Bonnes feuilles du livre dans lequel Sabrina Abda fait le récit de la violence meurtrière qui s’est abattue sur sa famille à Guelma en mai 1945.

La préface de Gilles Manceron

Guelma, une répression coloniale emblématique

De la répression massive perpétrée dans les semaines qui ont suivi le 8 mai 1945 contre la population algérienne de l’Est algérien, on connaît mieux celle qui s’est produite à Sétif et dans sa région de l’ouest du Constantinois que celle qui s’est abattue, à l’est de Constantine, sur Guelma et ses environs. Dans cette ville, pourtant, le déroulement des faits a été particulier puisque les violences ont été le fait en grande partie d’une milice constituée de civils européens qui a été formée dans les mois précédant le 8 mai 1945 et qui n’attendait qu’un prétexte pour s’abattre sur la population autochtone de la ville et de ses alentours.

Ce déroulement particulier qui est un cas à la fois emblématique et paroxystique de la violence coloniale apparaît dans le récit que fait dans ce livre Sabrina Abda de la violence meurtrière qui s’est abattue sur sa famille à Guelma.

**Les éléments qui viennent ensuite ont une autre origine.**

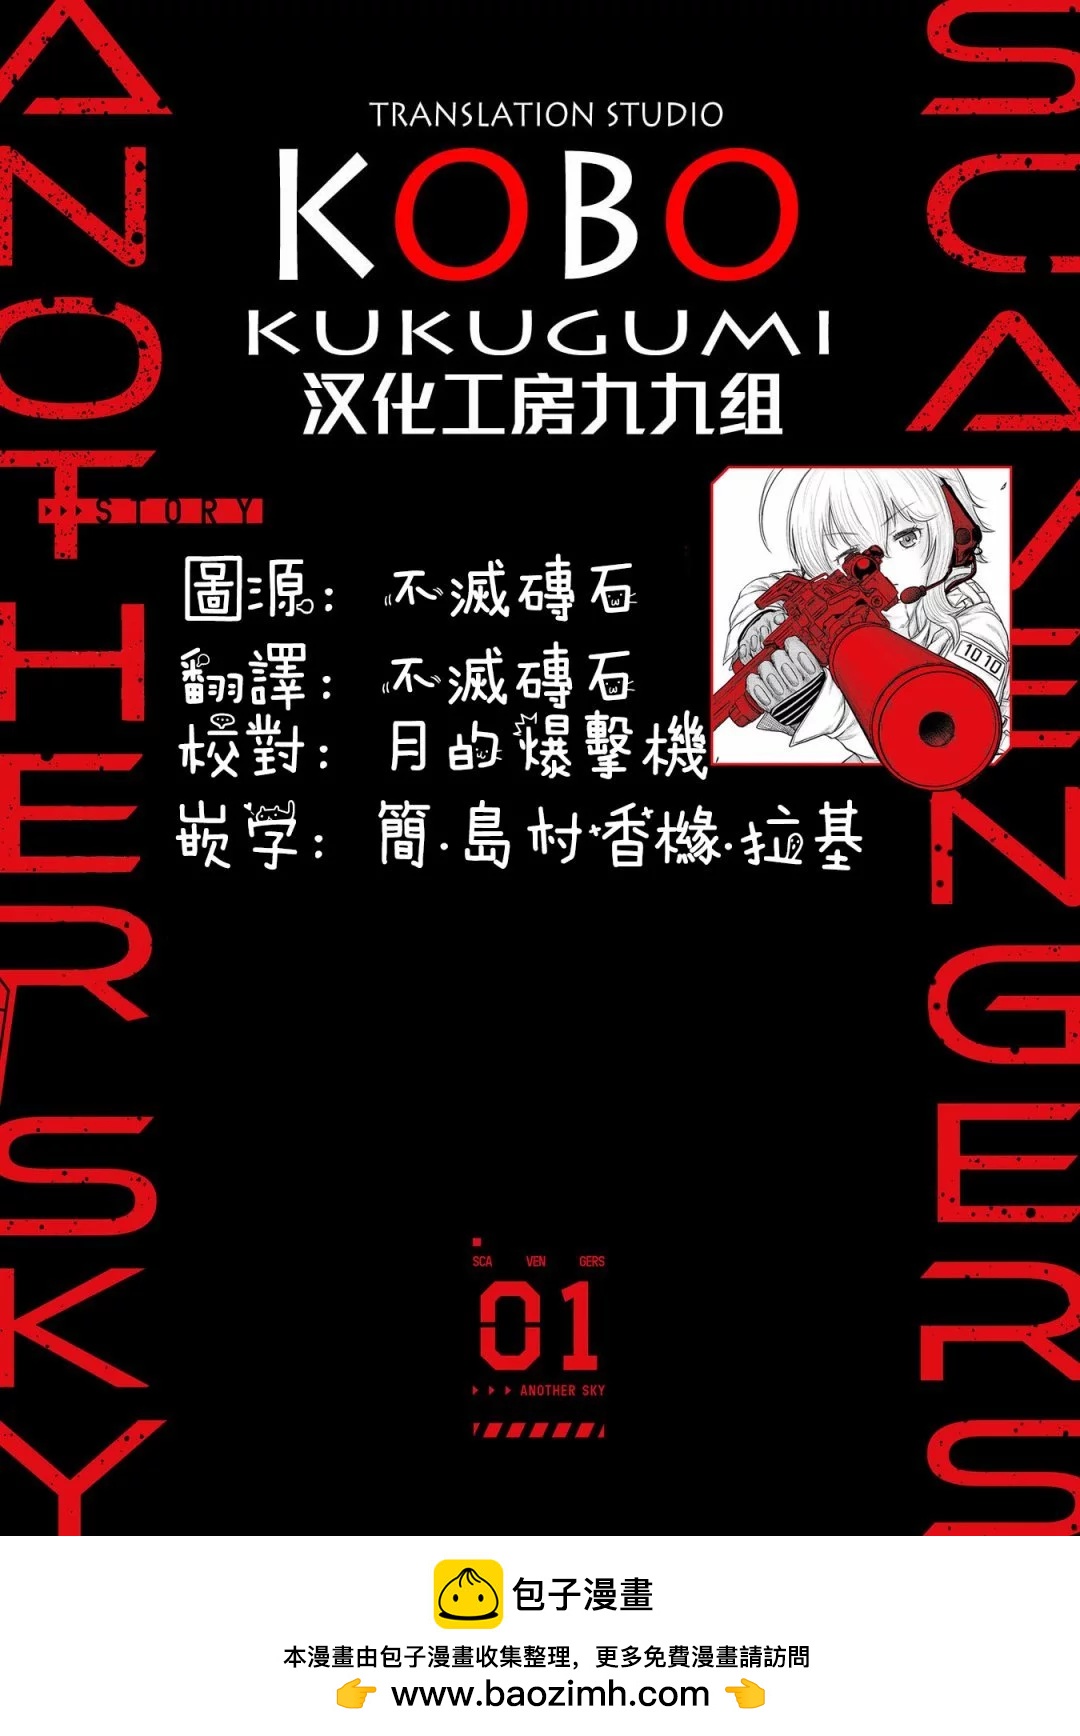 Scavengers Another Sky - 第03話 - 5

Sur ce qu’il s’est passé dans cette ville, le livre posthume de Marcel Reggui, Les massacres de Guelma. Algérie, mai 1945 : une enquête sur la furie des milices coloniales, publié en 2006 aux éditions La Découverte, introduit et présenté par Jean-Pierre Peyroulou, avait déjà fourni un exemple.

L’auteur, âgé de vingt ans alors, avait perdu une soeur et deuxfrères lors de ce drame mais n’en avait jamais parlé de son vivant. Prénommé Mahmoud, il était arrivé à Guelma fin juillet 1945 et avait mené l’enquête sur la tragédie qui venait de se dérouler. Il en commença un récit, puis partit continuer ses études à l’École normale de Tunis où il l’a terminé. Il conserva toute sa vie ce récit sans le publier. Mais bien que durant sa carrière d’enseignant en France, durant laquelle il s’est converti au catholicisme, a adopté le prénom de Marcel et n’a plus reparlé de ce drame, il conserva toute sa vie ce récit. Ce sont ses filles qui l’ont publié après sa mort.

Cette édition posthume a été une pièce essentielle à la connaissance du déroulement particulier de la répression de 1945 à Guelma, suivie de la publication du livre de Jean-Pierre Peyroulou, Guelma 1945, une subversion française dans l’Algérie coloniale, paru en 2009 chez le même éditeur. Le livre de Sabrina Abda que l’on va lire apporte sur le déroulement de cette tragédie des éléments nouveaux.

Il confirme qu’à Guelma, qui se trouve à quelque 230 km à l’est de Sétif, la répression a été essentiellement le fait des milices de civils européens constituées dès le printemps 1945. Ces milices européennes s’étaient formées pour réagir à la montée du sentiment national parmi les Algériens autochtones qui n’avait cessé de croître depuis le débarquement des Alliés en novembre 1942. Et elles ont ciblé les Algériens qui étaient les plus dangereux à leurs yeux : ceux qui avaient acquis un statut de notable par leur activité dans la ville. L’histoire de la violence qui s’est abattue sur la famille Abda fait écho à celle qui a frappé la famille Reggui.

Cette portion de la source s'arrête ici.